The pipeline control table and cross-step verification added complexity. A simpler design — each step independently checkpointing with no awareness of other steps — would have worked most of the time. But Diane identified a scenario where it would fail silently:

If STEP040 was restarted and processed claims in a slightly different order (due to DB2 access path differences under different system load), the PRICED_CLAIMS table could have the same records but in a different physical order. STEP050, reading the same table, would produce the same adjudication results — except for edge cases involving claims that interacted (e.g., a member with two claims where the second claim's copay depends on whether the first claim applied to the deductible). Without the pipeline control table's verification, this inconsistency would go undetected.

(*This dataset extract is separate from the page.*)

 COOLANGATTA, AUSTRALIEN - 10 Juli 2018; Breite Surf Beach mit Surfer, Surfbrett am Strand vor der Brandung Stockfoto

Insight 3: Commit Frequency Must Account for the Most Complex Step

Diane initially set STEP050's commit frequency to 5,000, matching the other steps. Testing revealed that the VSAM before-image processing at 5,000 records generated so many before-image rows that restoration took 15 minutes on failure near the end of the step. Reducing to 2,000 cut restoration time to under 6 minutes, at the cost of 1,500 additional COMMITs (5,000 was 560 commits; 2,000 was 1,400 commits). The additional commit overhead was 2 minutes — a worthwhile tradeoff for 9 minutes of faster recovery.

Discussion Questions

  1. Diane chose a before-image log in DB2 to protect VSAM accumulators. An alternative is to store VSAM before-images in a separate VSAM file. Compare these approaches in terms of atomicity guarantees, performance, complexity, and storage requirements.

  2. Ahmad's test T11 revealed a bug in the before-image restoration ordering. This bug would only manifest when a member had multiple claims processed within the same commit interval — a relatively rare occurrence. How would you design a test dataset to maximize the likelihood of finding such edge cases? What characteristics should the test data have?

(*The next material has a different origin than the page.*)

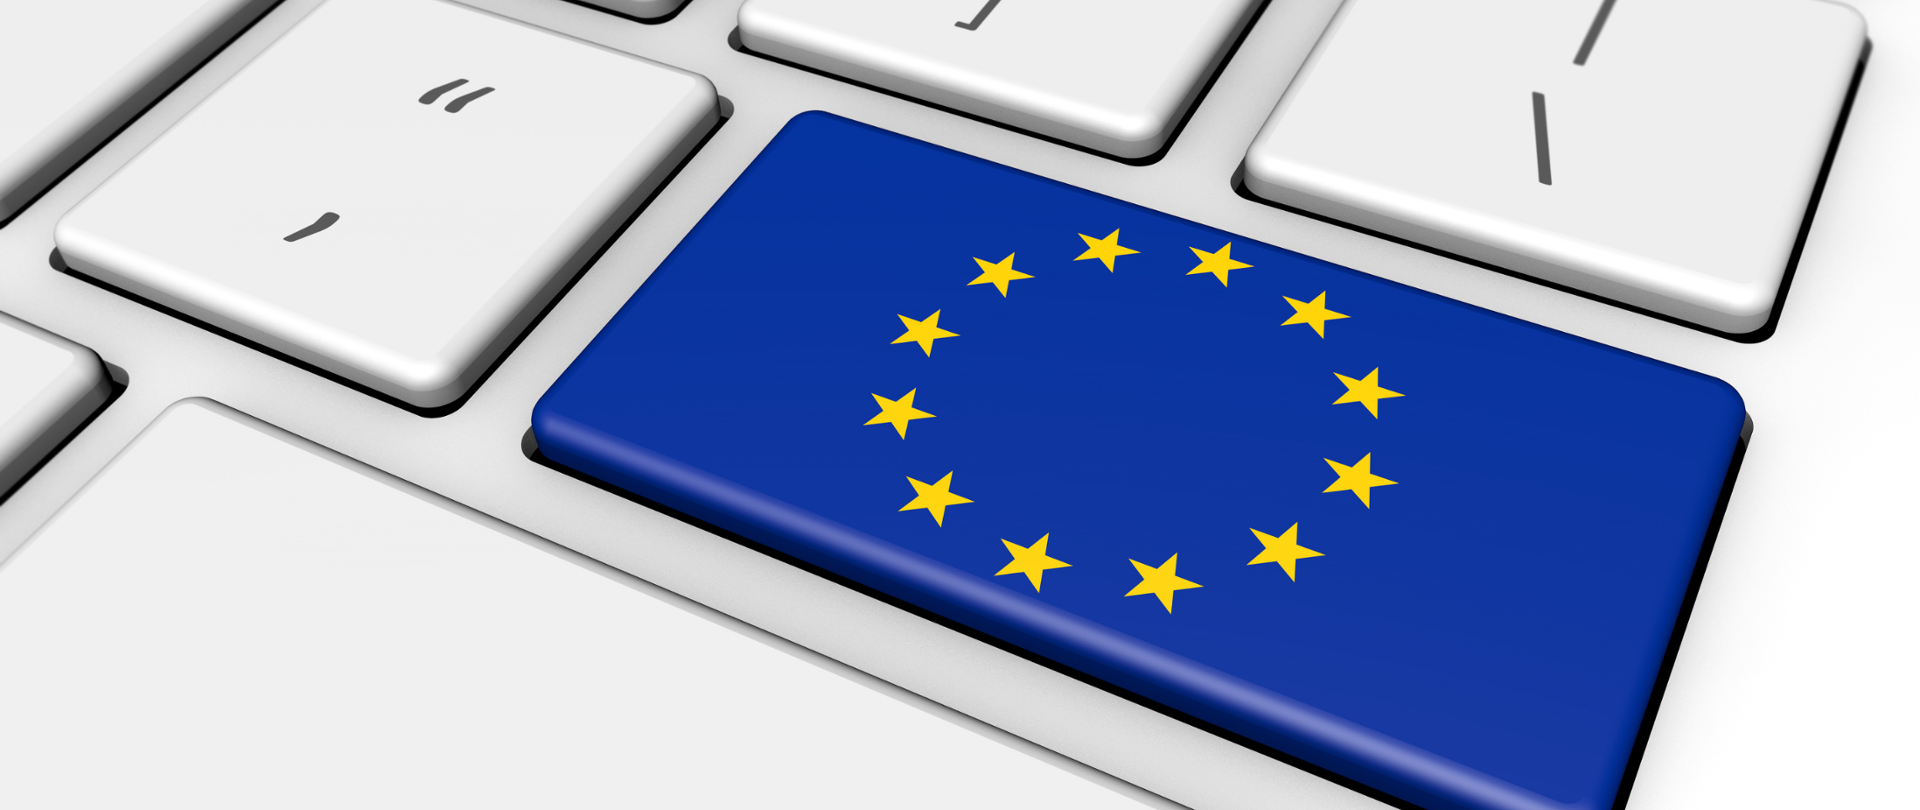 Biała klawiatura komputera, na jednym z przycisków flaga Unii Europejskiej

  3. The pipeline control table adds cross-step awareness to what would otherwise be independent step-level checkpoint/restart. Is this additional complexity justified? Under what circumstances would you omit it and rely purely on step-level independence?

  4. STEP040's commit frequency was reduced to 3,000 specifically because the original failure was a deadlock. Is it appropriate to set commit frequency based on past failure modes? What other factors should influence the decision?

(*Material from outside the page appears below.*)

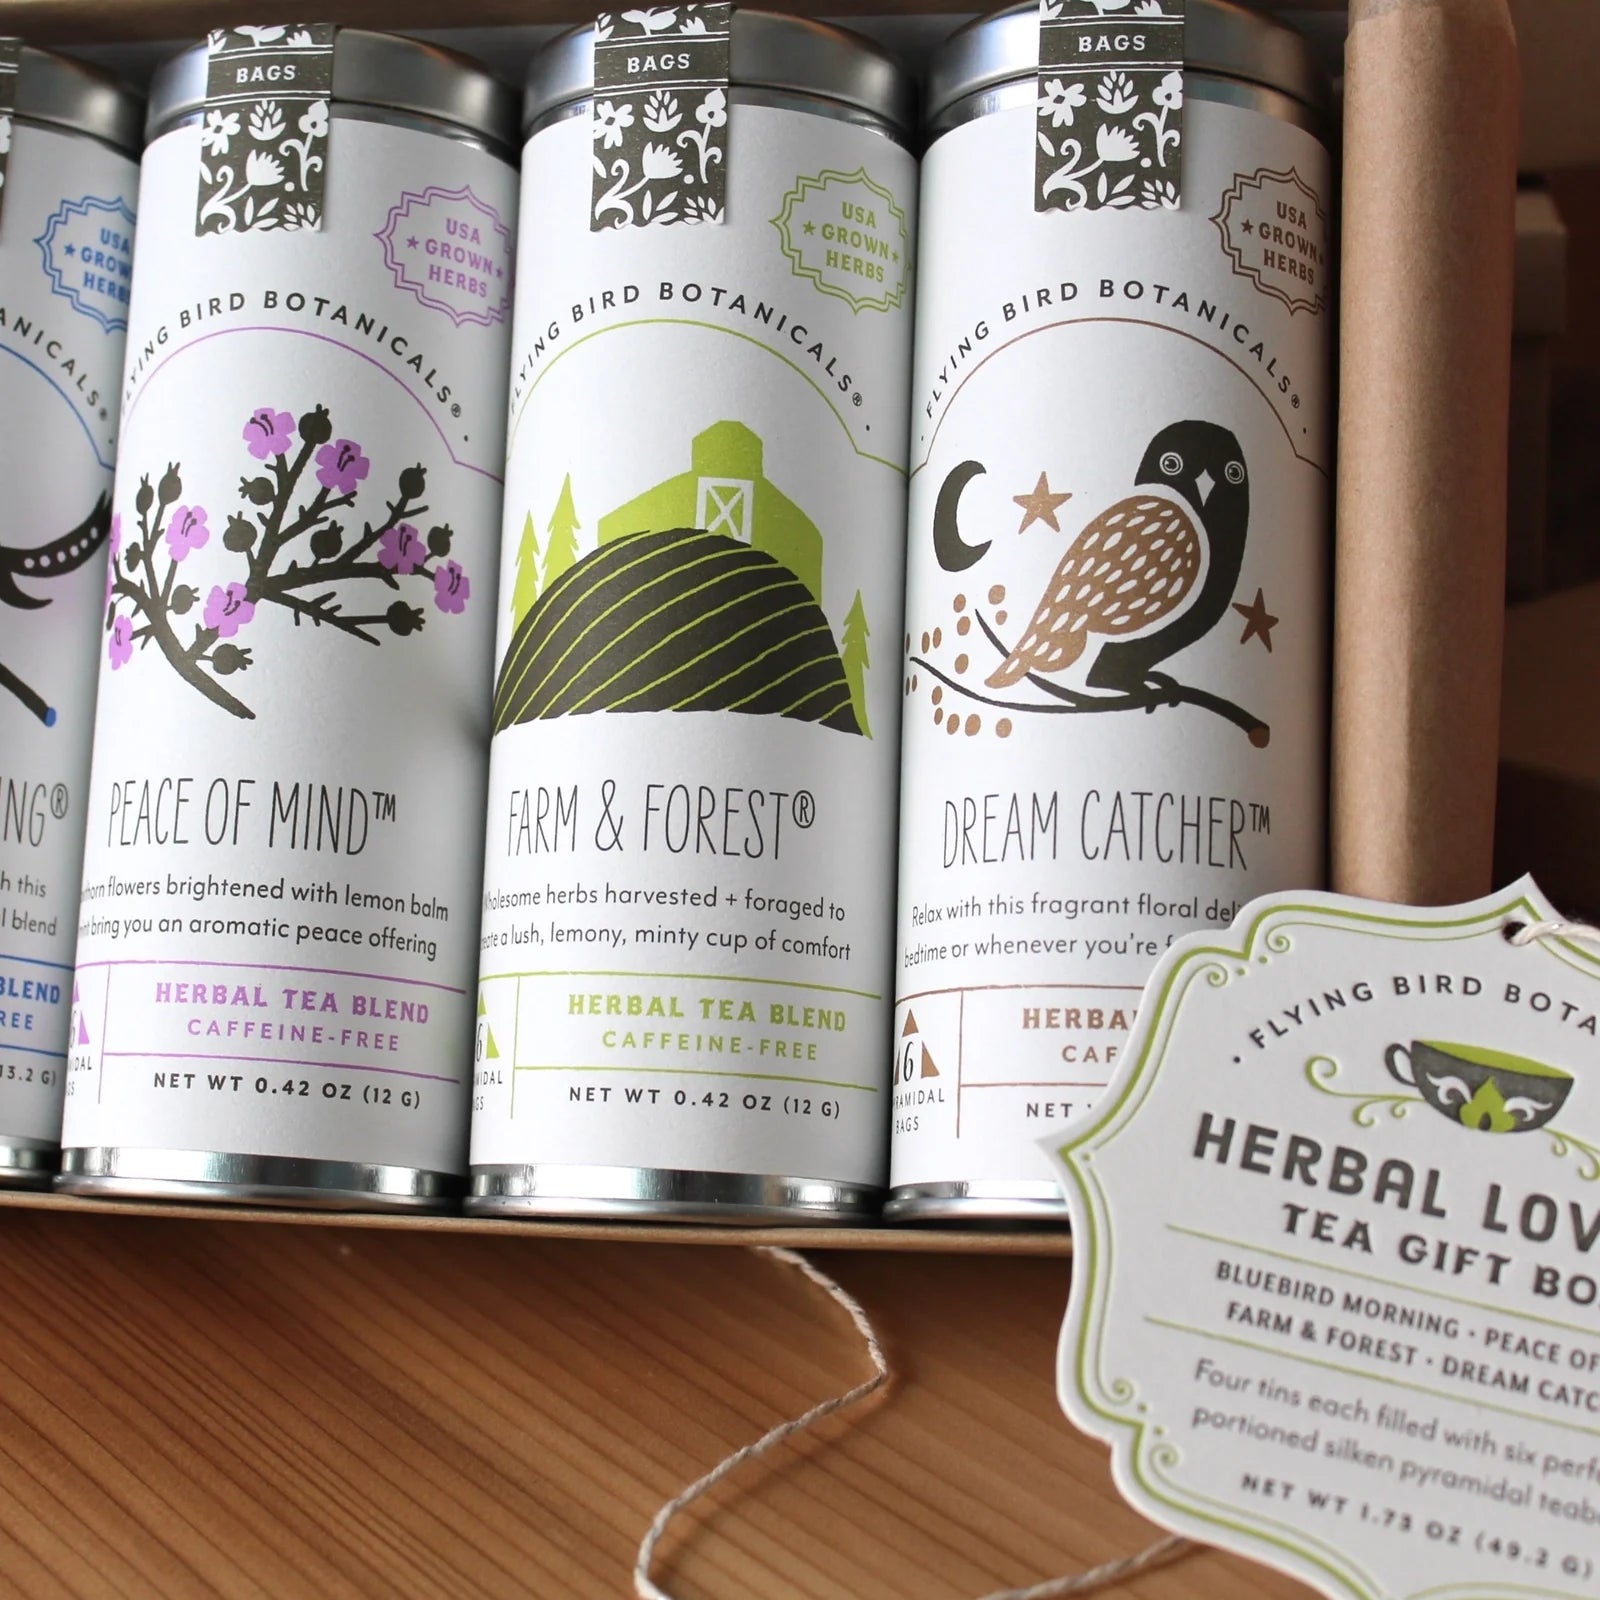 Herbal Tea Lover's Gift Box Set

  5. Diane's design accepts an 8% runtime overhead for VSAM before-image logging. At what overhead percentage would you consider the approach too expensive? What alternative strategies would you explore at that threshold?

  6. The pipeline processes 2.8 million claims in a 6-hour window. Claim volume is growing at approximately 12% per year. At what volume does the current checkpoint/restart design become insufficient? What architectural changes would you recommend at that point?